Step one: Have cats. A clowder is best.
Step Two: Clean your house. This alone should accomplish your purpose, but to really make them miserable, go on to the next steps.
Step three: Rearrange the furniture. Really, just shifting a table six or so inches will do.
Step four: Find the cats' hidden secret poo corner in some obscure and hard to reach place. Clean it.
**pro tip: this may signal to your cat(s) that you actually want him/her/them to poo there. At least you know where the smell is coming from now.**
Step five: Allow the water bowls to be any more than a millimeter from overflowing.

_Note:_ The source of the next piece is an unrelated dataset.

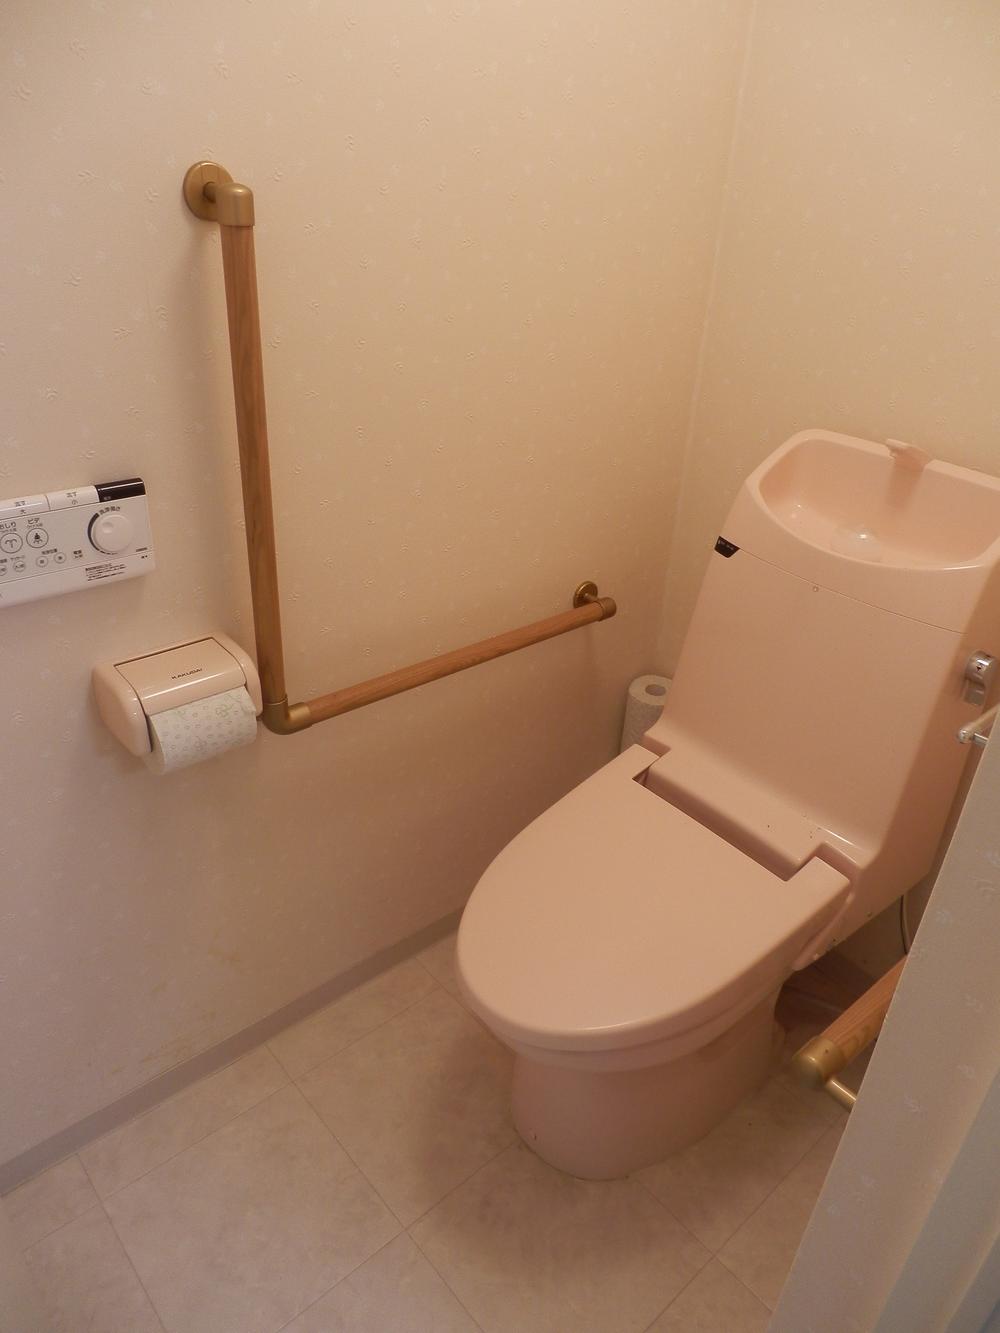 Toilet. With hot toilet seat (2010 exchange)

Step six: Do not refresh the cat bowls when you come downstairs, even if it is three in the afternoon and you only went up to change your socks that were covered in slimy cat puke the cats left for you to find in a poorly lit but commonly used walkway, like the laundry room doorway.
Step seven: Put knick-knacks on the piano in such a way that the cats cannot use it as a napping area.
Warning: the cats may see this as a game wherein their job is to clear enough space to nap. I recommend using heavy, oddly-shaped books.
Step eight: Put your folded laundry away instead of leaving it to line the plastic cat-nap boxes you foolishly refer to as laundry baskets.
Bonus seasonal step: Add Christmas decorations to your house.